The law in many jurisdictions, including Florida, provides that an exclusion only applies when it is clearly and unambiguously intended to bar coverage for the risk in question. But if this is true, is it appropriate for carriers to avoid coverage by citing exclusions drafted decades ago to address things like industrial pollution and fungus? One Florida court has now answered this question in favor of policyholders.
Urogynecology Specialist of Florida v. Sentinel Insurance involved a medical office that was forced to temporarily close its doors due to the pandemic and civil authority orders. After the practice notified Sentinel of its business interruption losses, the insurer denied coverage because its policy purportedly excluded losses caused by a virus.
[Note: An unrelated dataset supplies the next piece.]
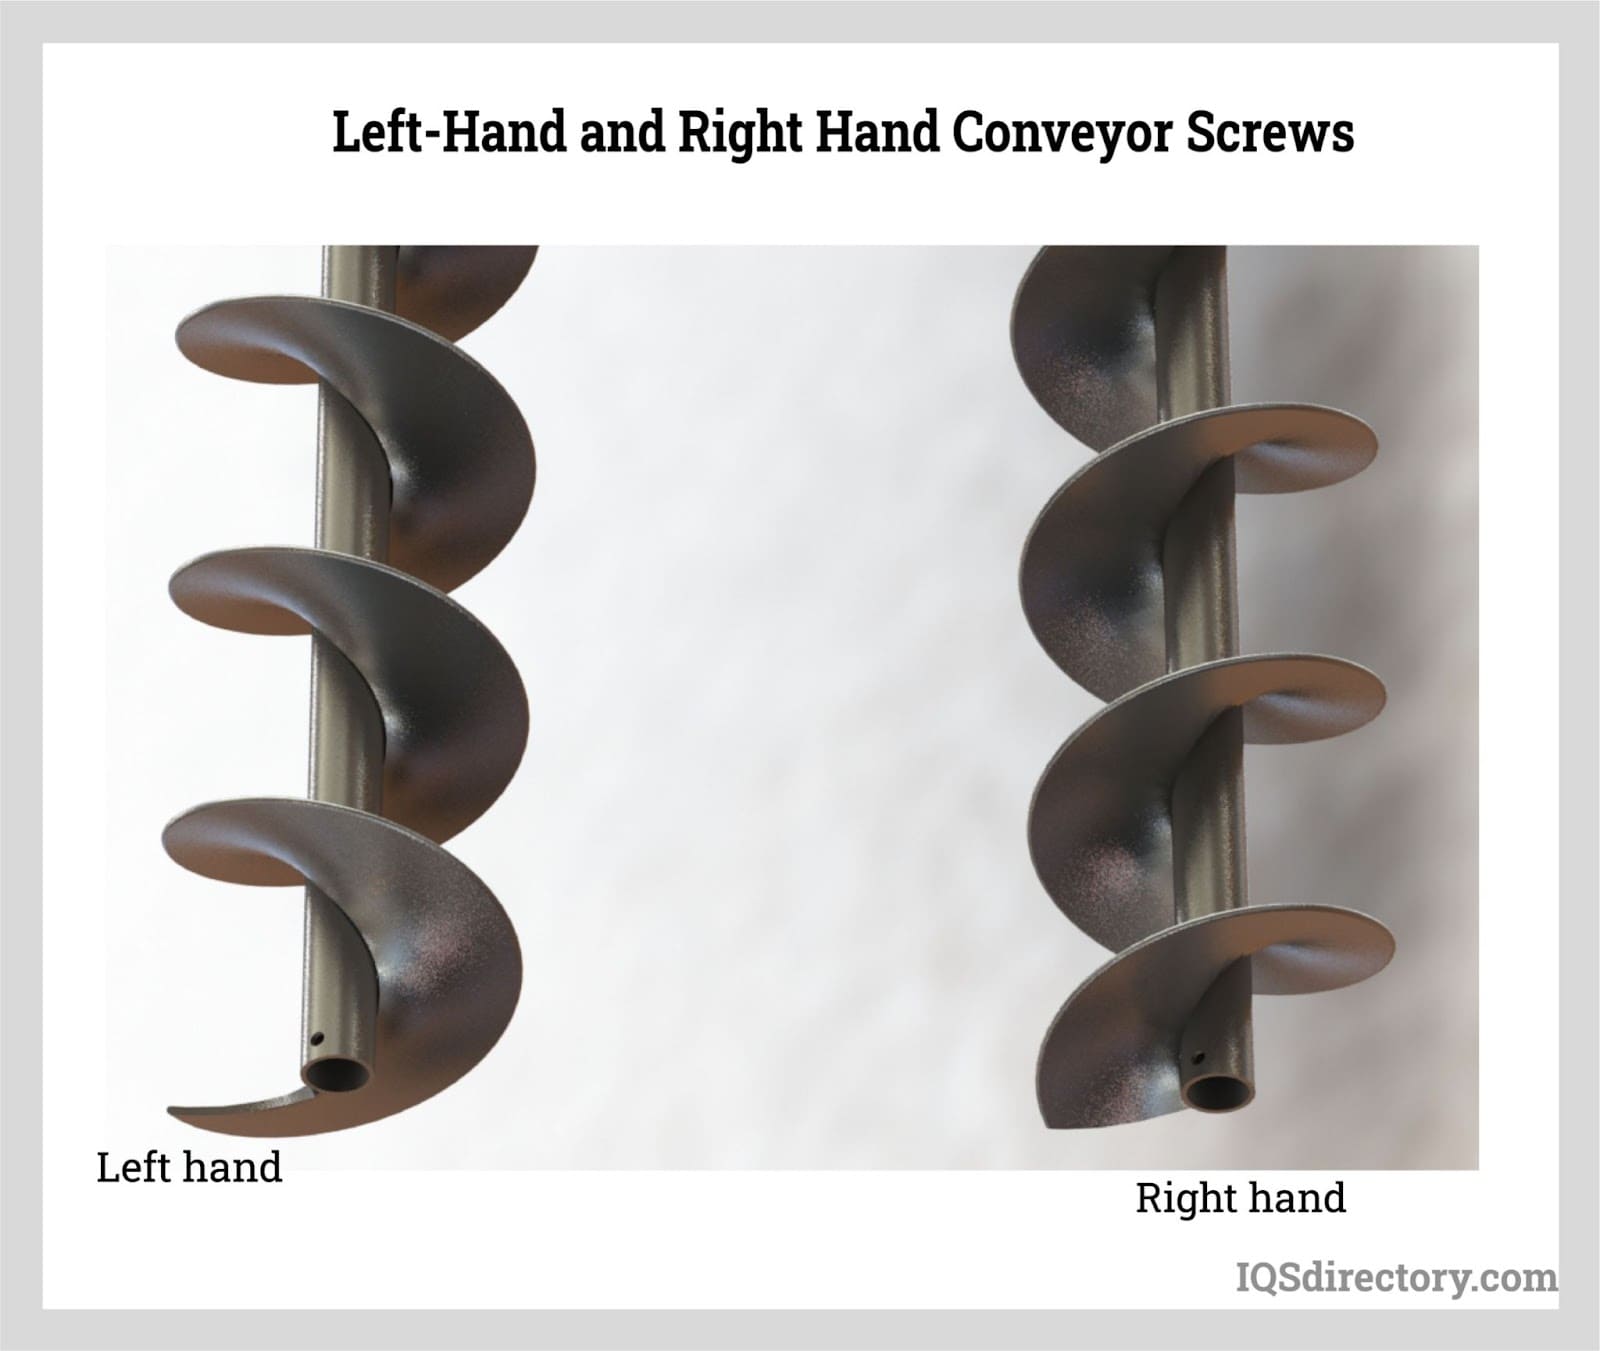 Left-Hand and Right Hand Conveyor Screws

In its motion to dismiss the policyholder’s ensuing lawsuit in the Middle District of Florida, Sentinel argued that any COVID-19 losses were unambiguously excluded by its “Limited Fungi, Bacteria or Virus Coverage.” This provision barred coverage for the “[p]resence, growth, proliferation, spread or any activity of fungi, wet rot, dry rot, bacteria or virus.” The insured, in contrast, argued that an ambiguity in the insurance policy required the court to construe its terms in favor of coverage.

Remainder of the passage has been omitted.